**To do**
Print the listing below again, exactly. Skip the pictures.

**Given material**
* * *

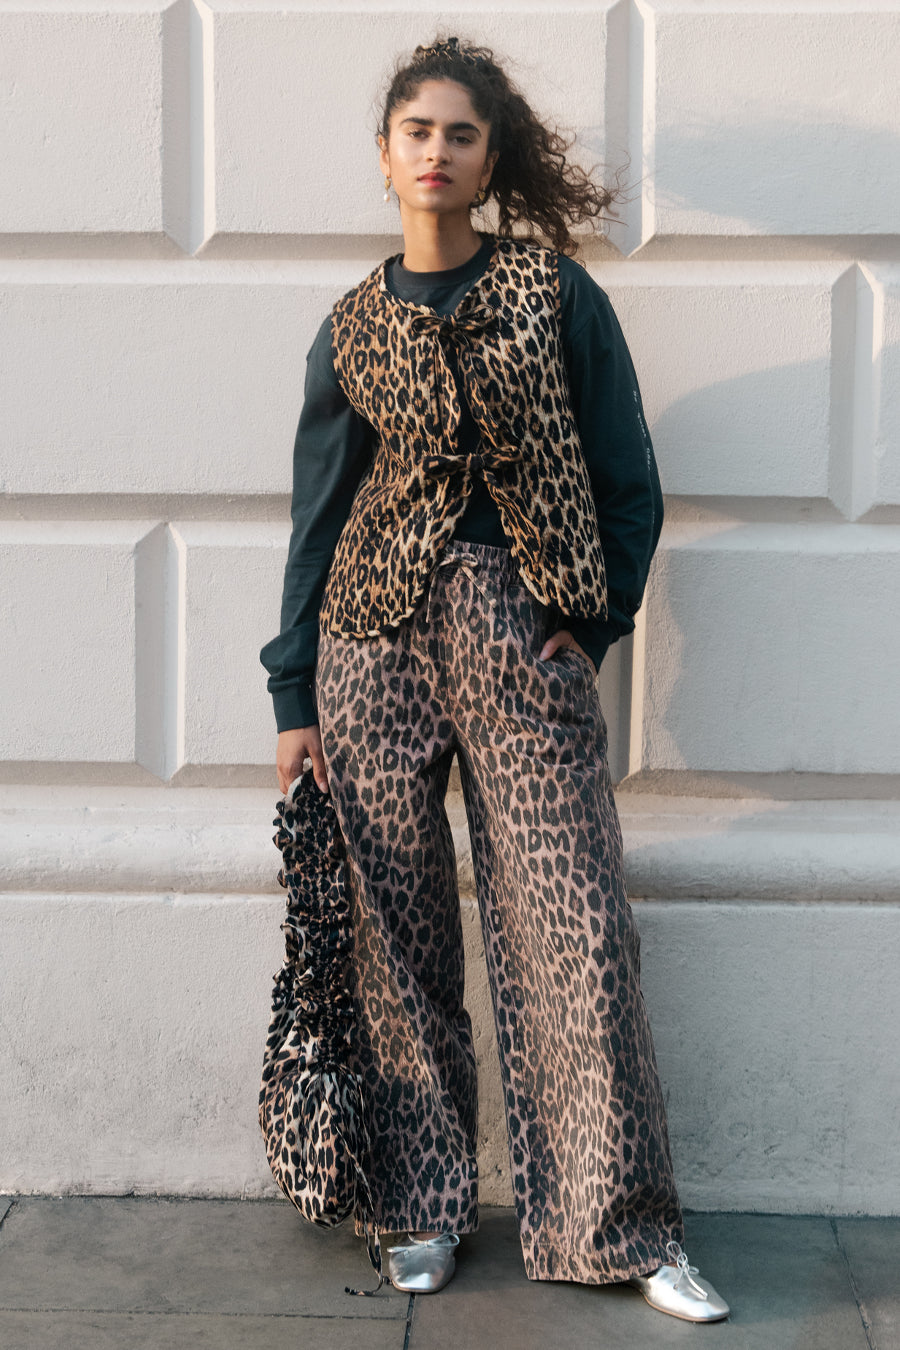 WOLFORD Josey 20 denier leopard-print tights
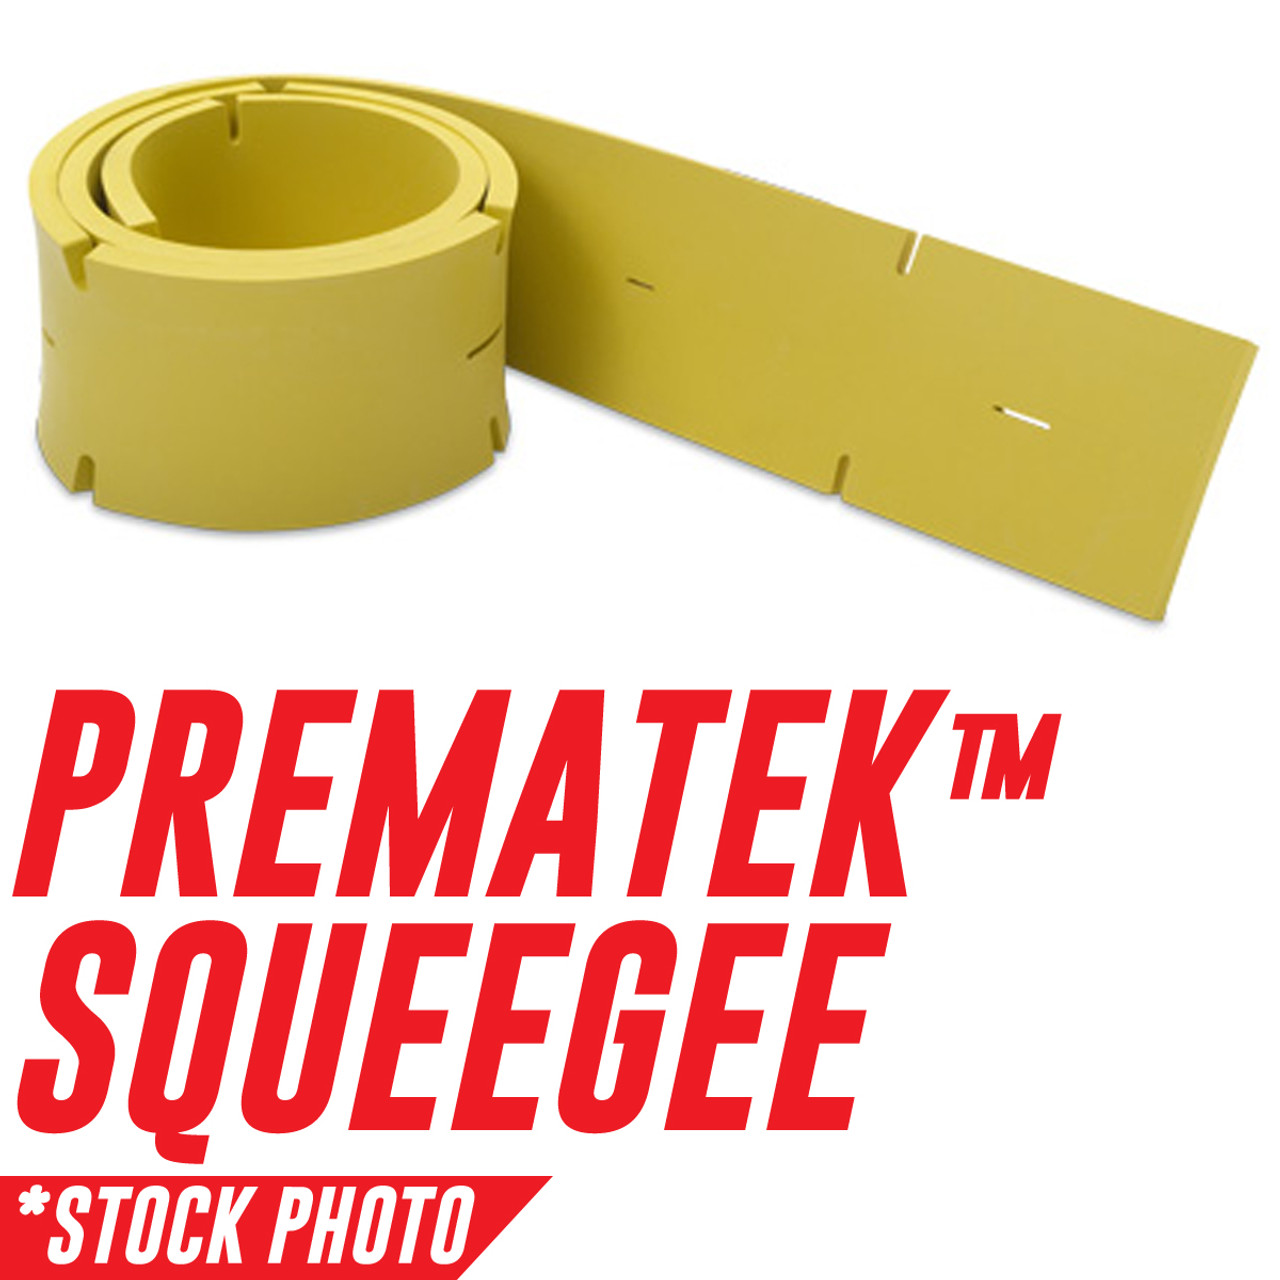 36-754L: Squeegee, Rear 36", Prematek fits Factory Cat Models Mag-HD, Micro-HD, Mini-HD, Pilot-HD
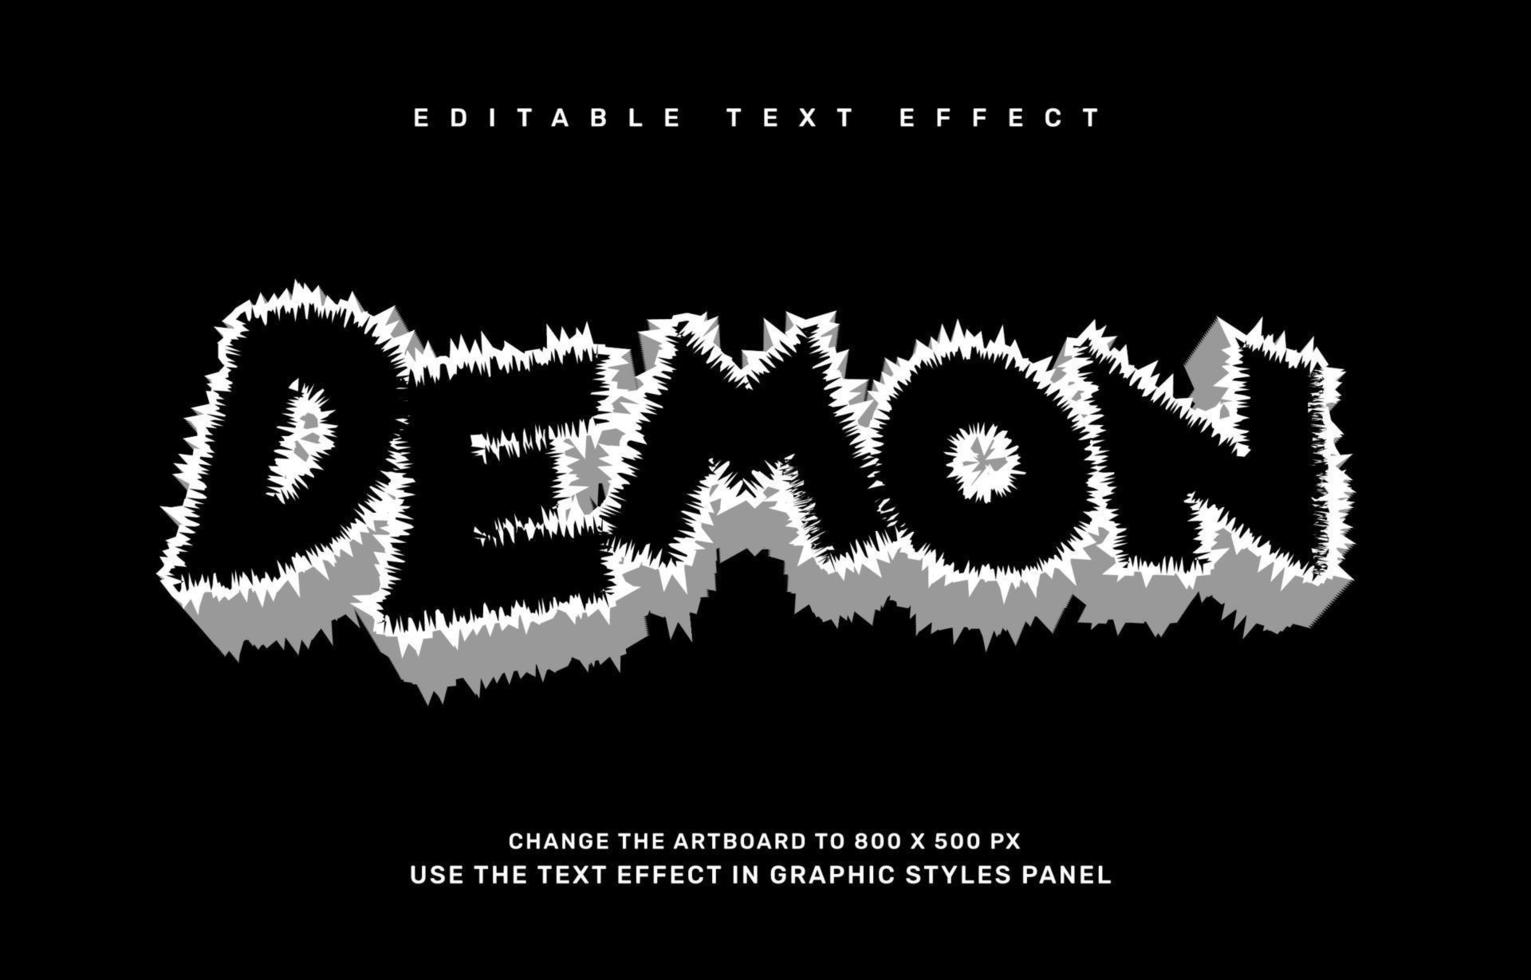 Demon editable text effect template vector

* * *

**Finished task**
 WOLFORD Josey 20 denier leopard-print tights
 36-754L: Squeegee, Rear 36", Prematek fits Factory Cat Models Mag-HD, Micro-HD, Mini-HD, Pilot-HD
 Demon editable text effect template vector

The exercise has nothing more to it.